I've spent a lot of time in airports and on airplanes recently. I can't remember the last smooth flight I was on that wasn't heaving and lurching while we were outracing a storm and I was questioning whether my stomach was going to hold back the greasy, bland, room temperature airport food I'd just thrown down. In fact, as I'm writing this, I'm listening to bad Huey Lewis piped overhead music competing against CNN reports blaring on overhead TVs, waiting to win the C19 gate boarding lottery.

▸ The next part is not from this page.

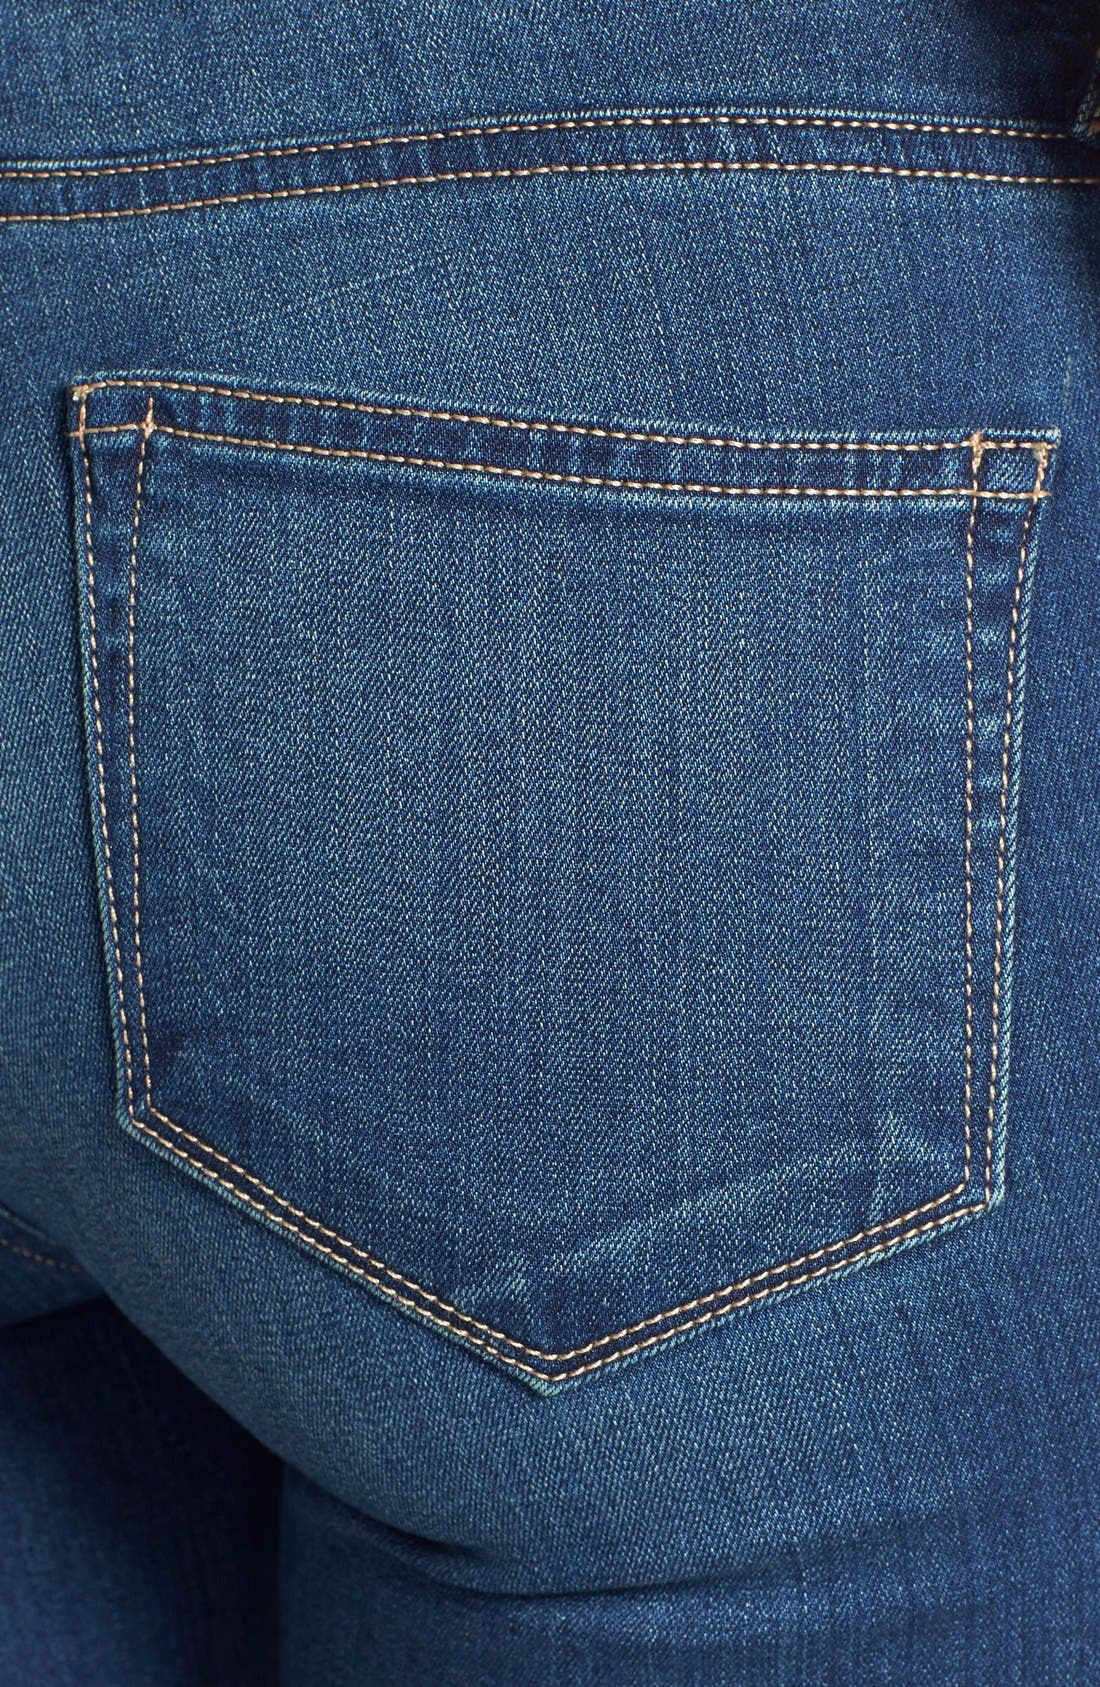 Alternate Image 3  - Paige Denim 'Indio' Zip Detail Ultra Skinny Jeans (Easton No Whiskers)

In my brief existence, airports have come in and out of my life a lot. They are a necessary evil of liking to be in new places. Yet beyond that, I've somehow landed in jobs that have required it. I've never loved the getting to and from places travel. Everyone is angry or at best, weary. Flights are packed to the gills, the seats are always broken, and they are so often late that it's a pleasant surprise when they're not. And don't even get me started on the ridiculousness of having to take off my shoes (cursing that damn Richard Reid to bad places for eternity) just to be able to plod through security in a feeble attempt for us all to act like that makes any of us even remotely safer. (Hey TSA, here's a thought - how about we start inspecting shipment after shipment of cargo freighters registered in Libya at the damn ports instead of worrying about my frigging flip flops!)
So while I'll never be Ryan Bingham, I've come to a bit of a resigned peace to the whole airport experience. Maybe I've done this enough, that the travel weariness is something I can now just take in stride. Whatever it is, this trip I started to really pay attention to the people around me. For example, the girl over there in the corner by her luggage, sobbing on the phone as she's saying goodbye to her boyfriend; the middle-aged couple staring at each other with steely looks, angry at each other over something seemingly important in the moment but not wanting to make a scene enough to address it in front of everyone by a gate; the old man wearing stark white tennis shoes contentedly reading his USA Today; the two men in the restaurant who added up their totals to learn they had more money left on their per diem so each ordered an extravagant dessert; the 21 year old girl chatting loudly at the bar that she's on her way to Phoenix meet a 36 year old man she met on the internet while the other patrons goad her on to tell them more; and even the hilarity of a woman practically on her knees begging the pimply faced 17 year old Cinnabon guy not to close so she could get her diabetic coma-inducing ration of sugared icing.
This is the fabric of an airport. Everyone coming from all over, going to all over, meeting and interacting for the briefest of moments and then disappearing. It's a fascinating thing to watch
But I can't tell you how content I feel that my own phone call is not to say goodbye, but a call to say I'm coming home. Airports are a means to an end. And right now I'm pretty confident my destination is the best in the world.
Take me home, Larry the Lynx. It's time to say O-bye-o.
1 comment:
Well written, Jen. And not one note of fear about all the flying, unlike my most recent post where I talk about how completely insane I am. I'm fying for the first time in EIGHT years on Saturday. Would rather skip it.